Fred retrieved the photographs while we waited. The first one was a picture of the room where patients wait. It had the same frame photoshopped around it as the painting it depicted. In Roseman’s photograph, the painting—a nature scene, hills with trees turning fall colors, and in the distance, a river—appeared above an empty chair and a magazine rack. The painting was still hanging in its place on an adjacent wall. The owners had wanted to keep it, but not Roseman’s photograph.
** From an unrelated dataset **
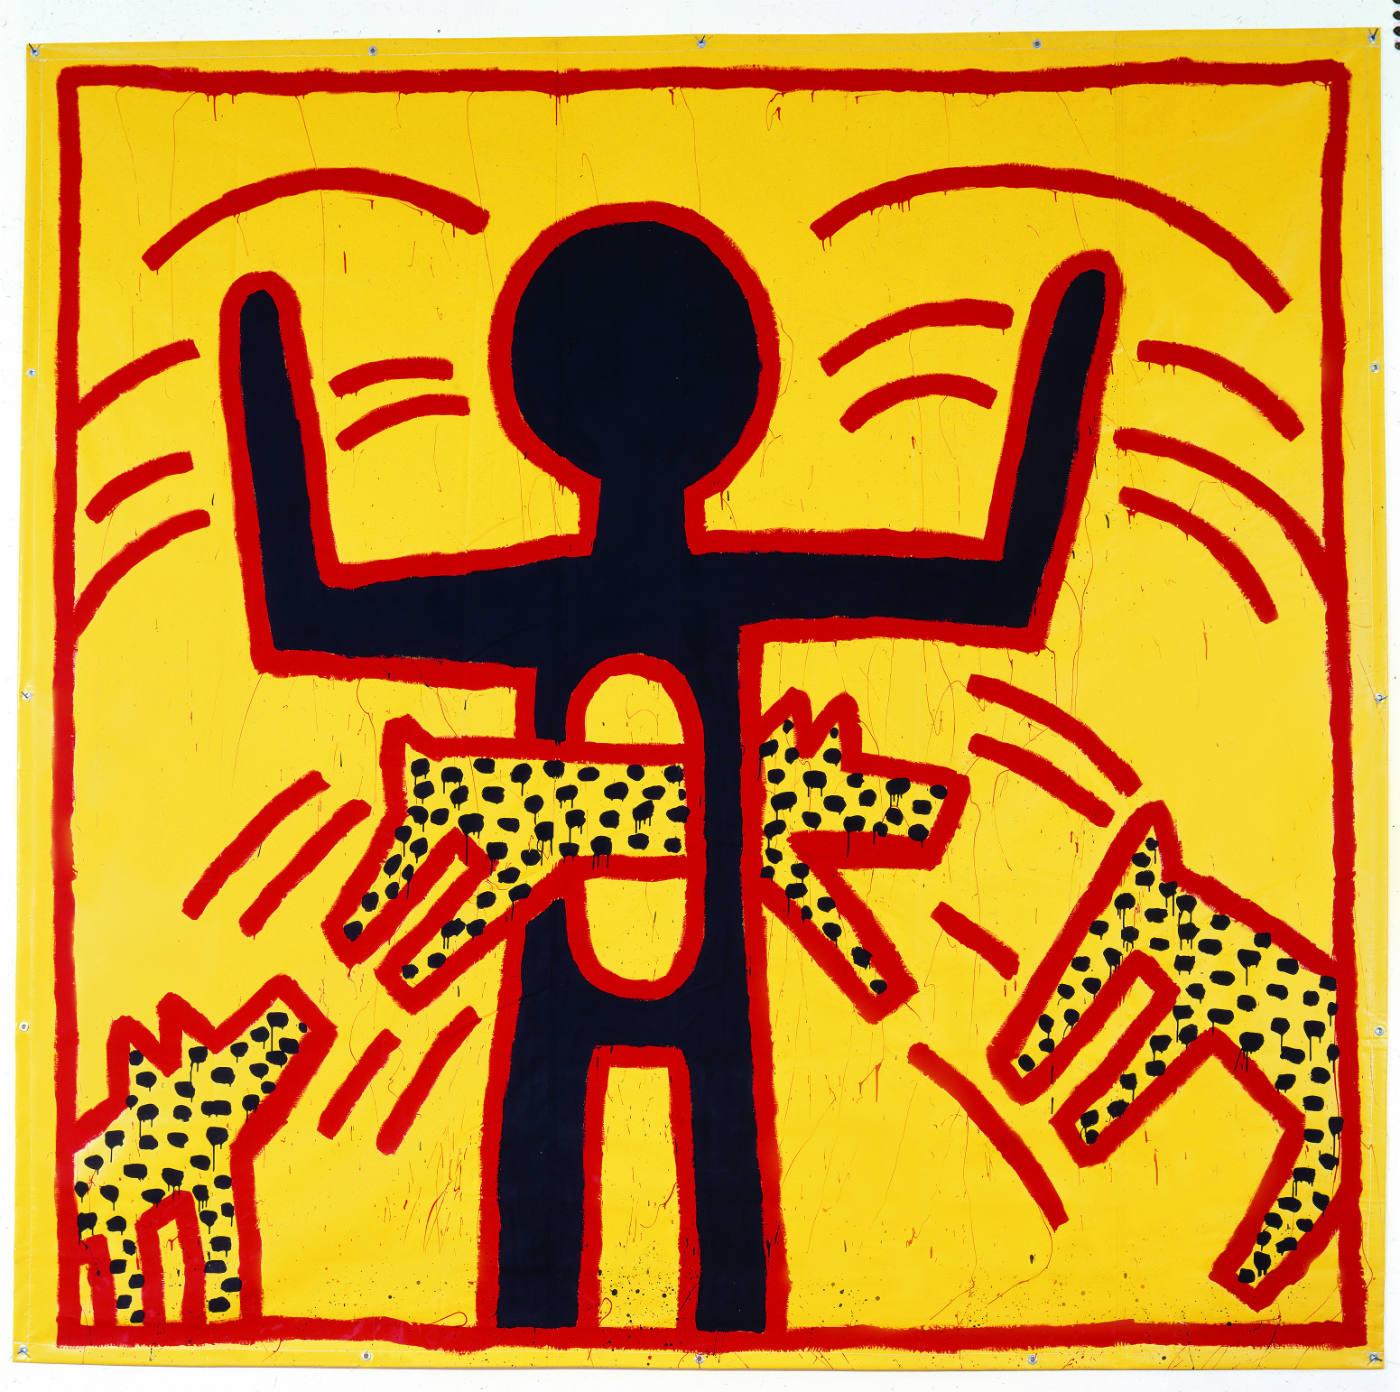 Keith Haring, zonder titel, vinylverf op vinyltarp 1982 (c) Keith Haring Foundation

In the car, I asked Roseman about it. He said that the painting was “wildly innocuous, but that was the one thing they thought to cherish.” He added that his wife had been happy with the therapy she received at the facility and would probably return if the problem resurfaced. Roseman said that he himself wouldn’t. It struck me that his project was really about relationships, the endlessly renewed transactions we have with the places where we do business. In the case of the therapist, that relationship had languished. My feelings were confirmed when I saw how Insoon was eager to tell Roseman about the changes in her life that had occurred in the time between the two photographs he had taken of her and Jongwon. She had tried to compose herself, she said, in the first picture: “I was very upset. My child was going through a breakdown. That is why I wasn’t smiling.” By the time the second picture was taken, the situation had changed: Insoon’s daughter had been admitted to MIT.

Amitava Kumar is the author, most recently, of A Matter of Rats: A Short Biography of Patna. He is professor of English at Vassar College.